Most black-box optimization methods require extensive hyperparameter tuning, often limiting their ability to generalize across different optimization domains. Foundation models for black-box optimization that learn optimization principles from a large collection of optimization trajectories offer a promising alternative, with the potential to outperform manually designed methods across diverse problem classes. However, prior work has either relied on non-public datasets or on purely synthetic data, limiting reproducibility and generalization to real-world problems. As a result, progress in this area has been constrained by the lack of large-scale, real-world, publicly available pre-training data. We introduce BBO-Pile, the first open-source dataset comprising over 500K optimization trajectories evaluated across 3095 different black-boxes for different optimizers, which represents by far the largest public dataset for this task. Using this dataset, we train a family of foundation models at multiple scales, ranging from 2M to 80M parameters and from 200M to 2B training tokens, and study their scaling behavior with respect to compute. Our results demonstrate that large-scale pre-training is a viable and effective approach to imitate black-box optimization methods, paving the way for future research in this direction.

Editorial analysis

A structured set of objections, weighed in public.

Desk editor's note, referee report, simulated authors' rebuttal, and a circularity audit. Tearing a paper down is the easy half of reading it; the pith above is the substance, this is the friction.

Referee Report

2 major / 2 minor

Summary. The manuscript introduces BBO-Pile, an open-source dataset containing over 500K optimization trajectories collected from 3095 black-box functions using multiple optimizers. It trains a family of foundation models (2M–80M parameters, 200M–2B tokens) on this data, analyzes scaling behavior with respect to compute, and concludes that large-scale pre-training is a viable and effective approach to imitate black-box optimization methods.

Significance.

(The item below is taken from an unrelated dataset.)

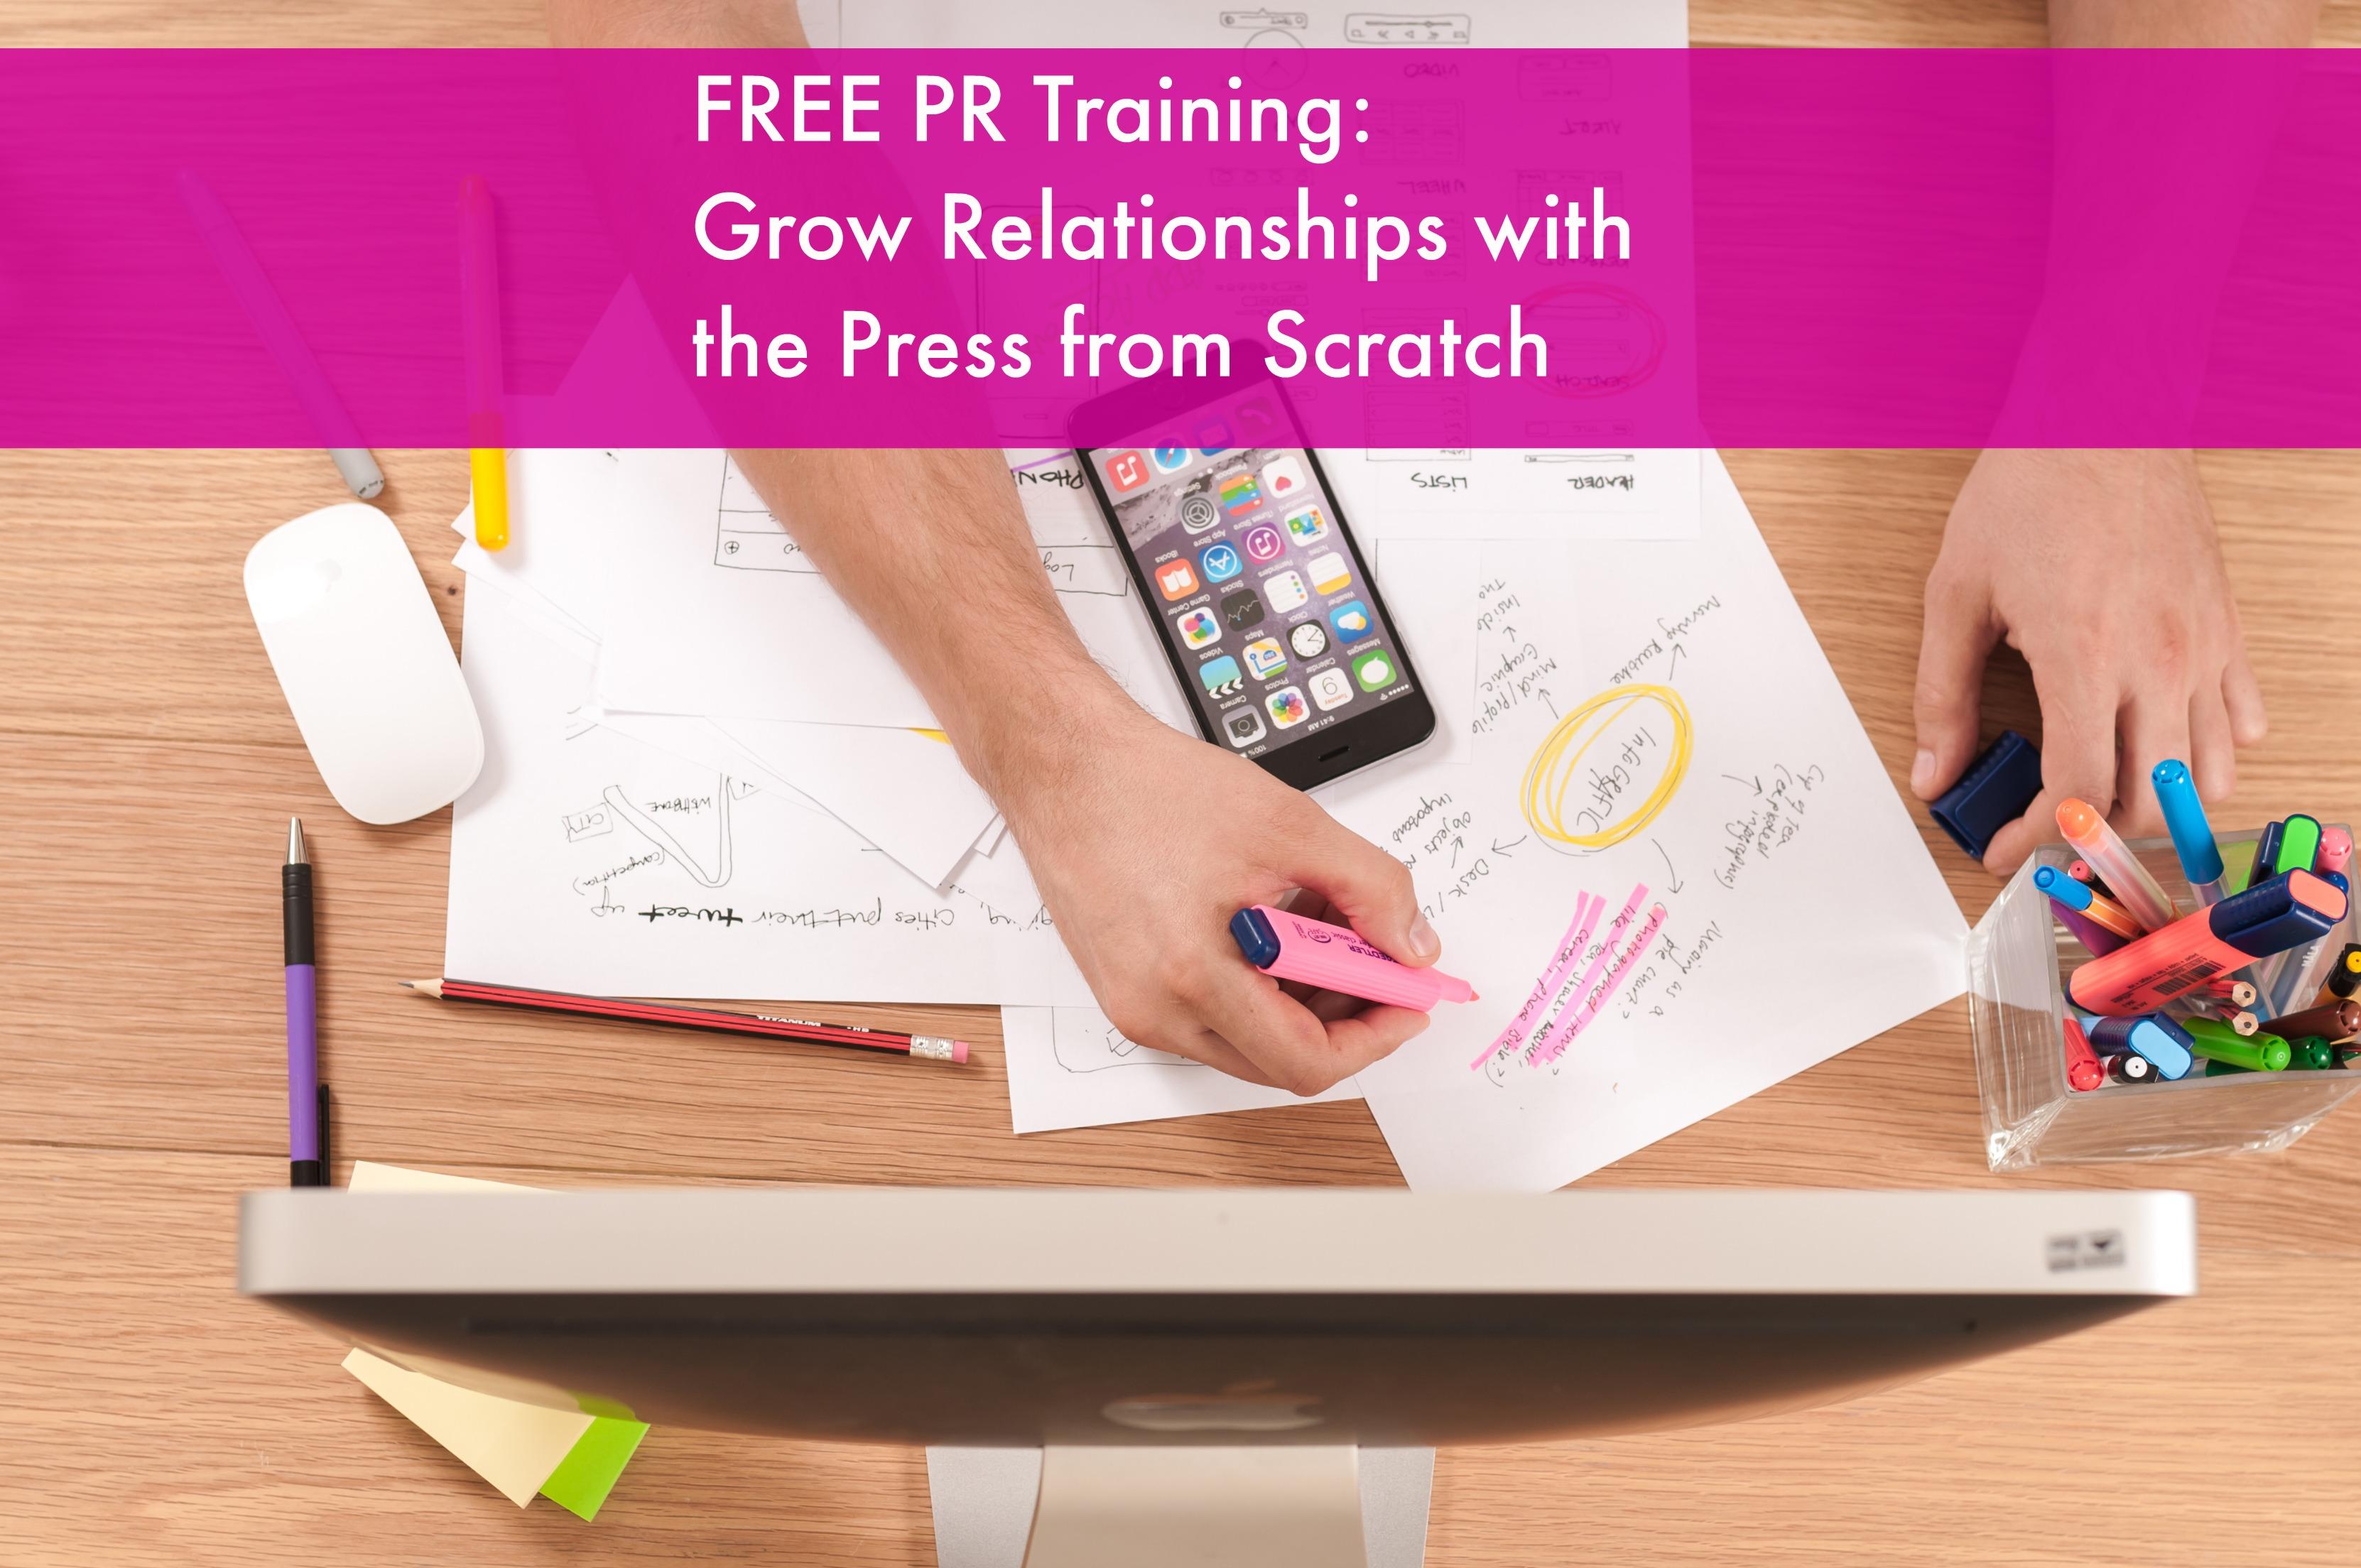 PR Training Relationships
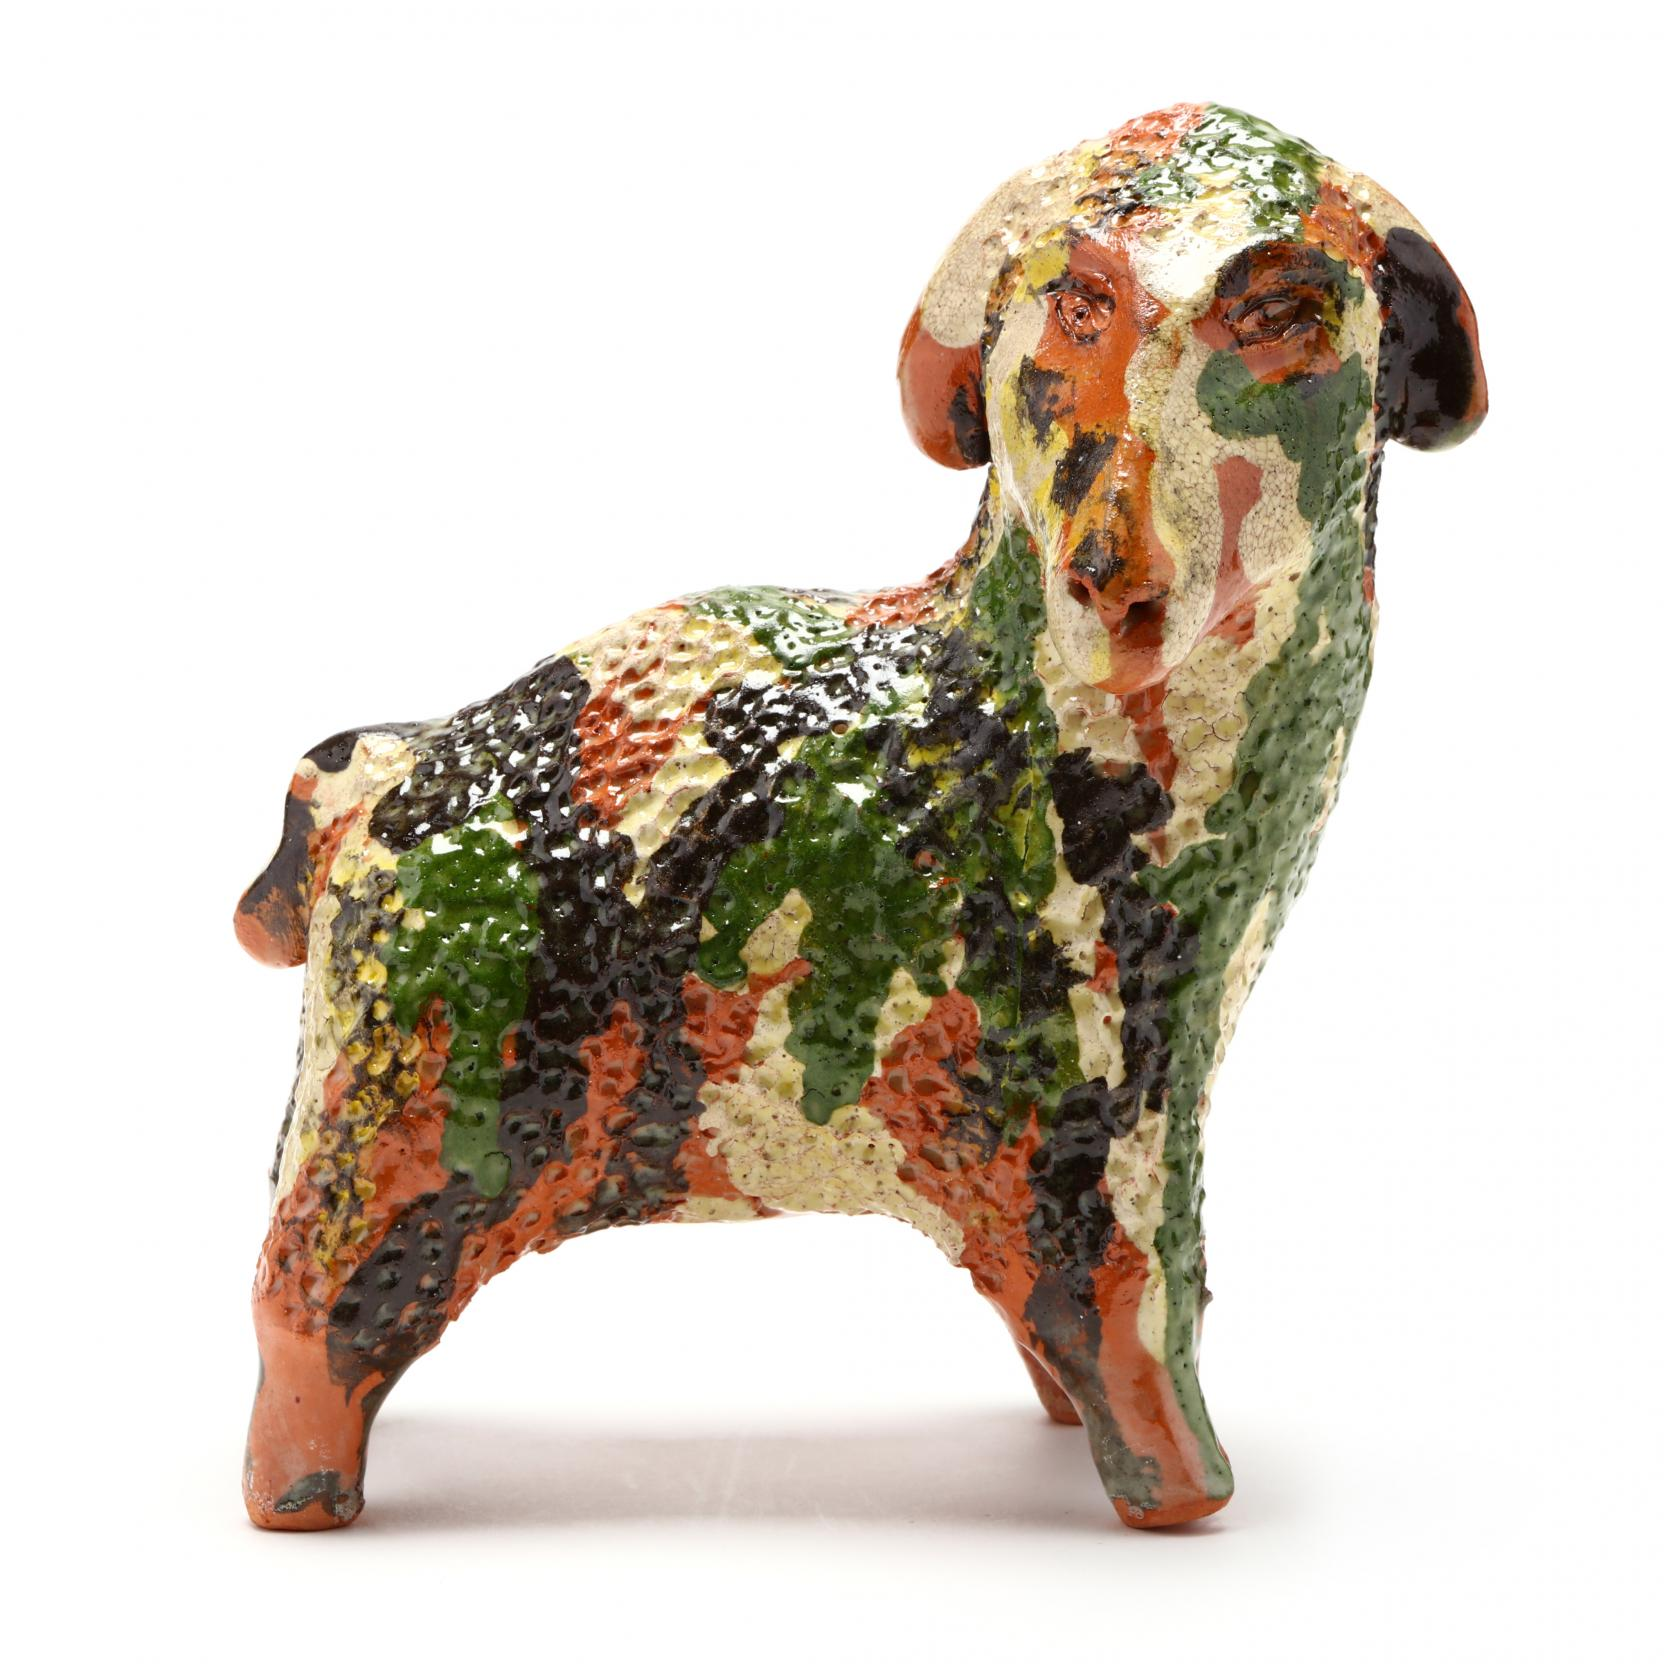 nc-folk-pottery-billy-ray-hussey-sheep-figurine

If the dataset is shown to be sufficiently diverse and the trained models demonstrate transfer to unseen problems and optimizers, the work would provide a valuable public resource that could accelerate research on learned optimizers, similar to the role of large pre-training corpora in other domains. The open release directly addresses reproducibility barriers noted in prior work.

major comments (2)
  1. [§3 and §4] §3 (Dataset Construction) and §4 (Data Collection): No quantitative diversity metrics are reported for the 3095 black-boxes (e.g., histograms or coverage statistics over dimensionality, modality, noise level, or degree of multimodality). Without these, it is impossible to verify that the 500K trajectories support extraction of generalizable optimization principles rather than dataset-specific heuristics, which is load-bearing for the central claim of viability for imitating BBO methods.
  2. [§5] §5 (Experiments and Scaling): The evaluation does not include explicit held-out splits on unseen problem classes or optimizers with reported transfer metrics (e.g., regret or success rate on out-of-distribution instances). Scaling curves alone cannot distinguish memorization from genuine imitation of general BBO strategies.
minor comments (2)
  1. [Abstract] The abstract states trajectories were collected 'for different optimizers' but does not list the specific optimizers or their hyperparameter settings used in data generation.
  2. [Figures/Tables in §5] Table or figure captions for scaling results should explicitly state the number of held-out black-boxes and whether they were drawn from the same distribution as the training set.

Simulated Author's Rebuttal

2 responses · 0 unresolved

We thank the referee for the constructive feedback. The comments on dataset diversity and held-out evaluation are well-taken and will be addressed through additional analysis in the revision.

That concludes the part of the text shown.